Why use it: Few-shot prompting allows you to provide specific examples within prompts to generate content that closely aligns with your brand’s voice and target audience. Including a few relevant examples (shots) can guide AI to produce more tailored and contextually accurate content, making it more engaging and effective.

Where to use it:

  1. Personalized campaigns: Use few-shot prompting to create personalized marketing emails, social media posts, and advertisements that resonate with different customer segments.

  2. Consistent branding: Ensure that all generated content maintains a consistent tone and style that reflects your brand’s identity.

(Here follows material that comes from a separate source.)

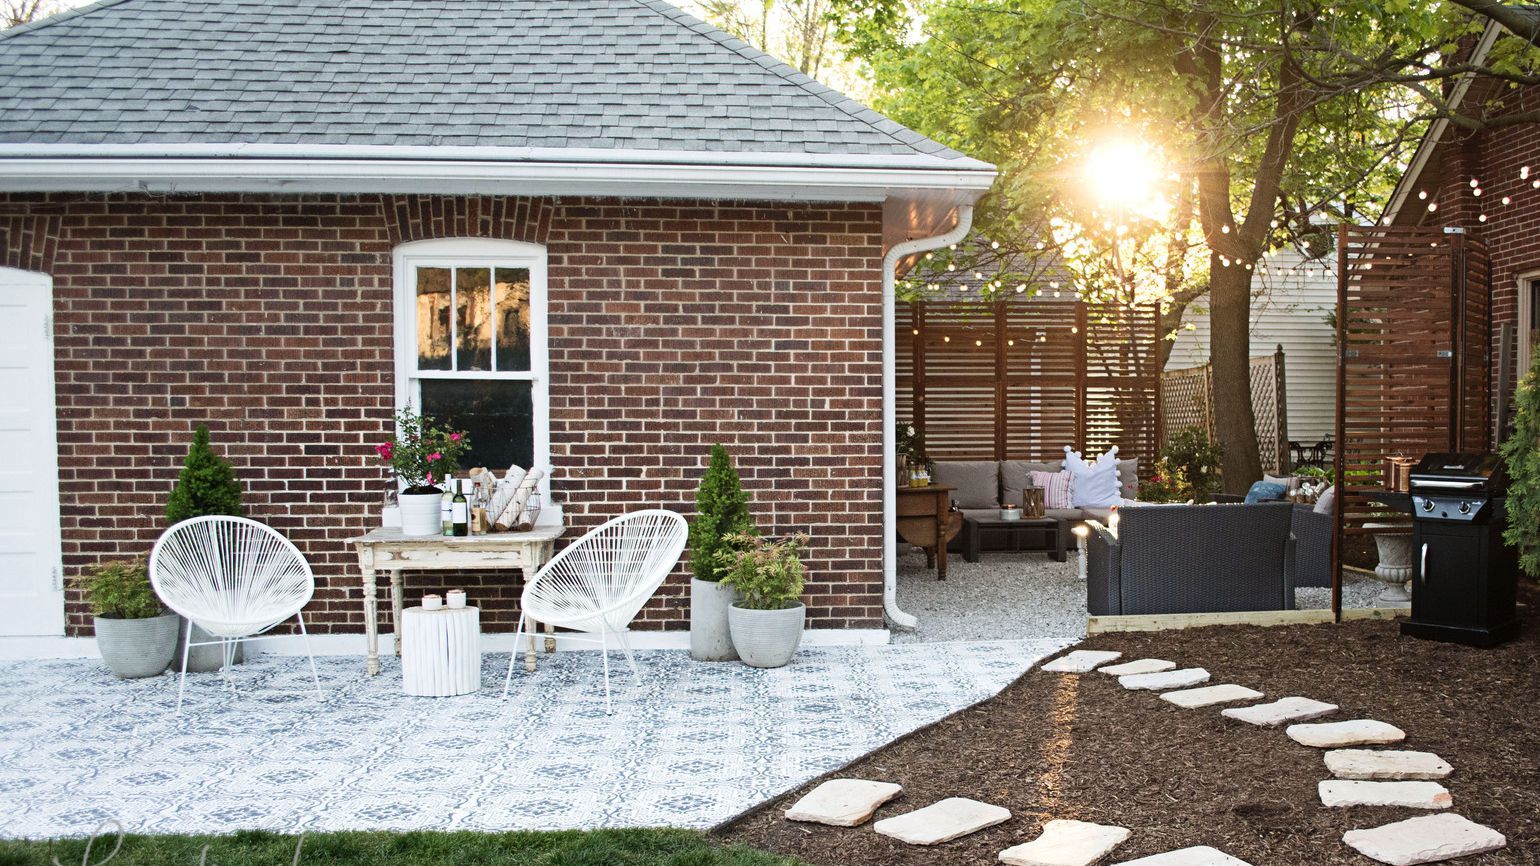 Brick home with two patio conversation areas brown wicker couches and white metal chairs

  3. Rapid prototyping: Quickly generate and test different content variations to find the most effective messages for your campaigns.


How to use it: Include a few examples of successful past emails or ads within the prompt to guide the AI in creating new, similar content that fits your marketing goals.

Few-shot prompting example

Utilize chain-of-thought (CoT) prompting for source content creation

Why use it: Chain-of-thought (CoT) prompting enhances the AI’s ability to handle complex tasks by breaking down the reasoning process into intermediate steps. This is particularly useful for generating detailed content that requires logical structuring and clarity, such as long-form articles, white papers, or product descriptions.

Where to use it:

  1. In-depth articles: Use CoT prompting to generate detailed and well-structured articles or blog posts that cover intricate topics comprehensively.

  2. Product descriptions: Create rich, informative product descriptions that highlight features and benefits clearly and logically.

  3. Educational content: Develop training materials, guides, and tutorials that provide step-by-step instructions or explanations.


How to use it: Prompt the AI with an example of a detailed product description and ask it to generate similar descriptions for new products, ensuring each step of the reasoning process is included.

Chain-of-Thought (CoT) prompting example

Enhance customer engagement with role and emotion prompting

Why use it: Role and emotion prompting allow you to customize the tone, style, and emotional appeal of your communications, making them more relatable and engaging for your audience. By instructing the AI to adopt a specific persona or evoke particular emotions, you can create content that connects more deeply with your customers.

Where to use it:

  1. Social media: Create posts that resonate emotionally with your audience, driving higher engagement and interaction.

  2. Sales copy: Use emotion prompting to craft persuasive sales messages that appeal to your customers’ needs and desires.

  3. Customer support: Train chatbots to adopt a helpful, empathetic tone when responding to customer inquiries, enhancing the overall customer experience.


How to use it: Instruct the AI to generate a social media post from the perspective of a friendly and knowledgeable brand ambassador, emphasizing excitement and enthusiasm for a new product launch.

Role prompting example

AI attribution disclosure:

This eBook was created with a mix of AI techniques.

AI-augmented: GPT-4o summarized the paper, which I have also read, and wrote the initial drafts of the objectives and recommendations sections. As my prompts provided my point of view for inclusion in the output, I only had to make final edits to the wording, punctuation, and grammar to make it more digestible and reflect how I write.

AI-directed: GPT-4o wrote the prompts for each technique based on the goals I provided and its knowledge of prompt best practices. Who better to know how to prompt AI than an AI tool?

AI-assisted: I wrote the introduction based on my understanding of the report combined with my experience as a marketer and training marketing teams. I used GPT-4o to shorten my responses, although I didn’t always take its feedback.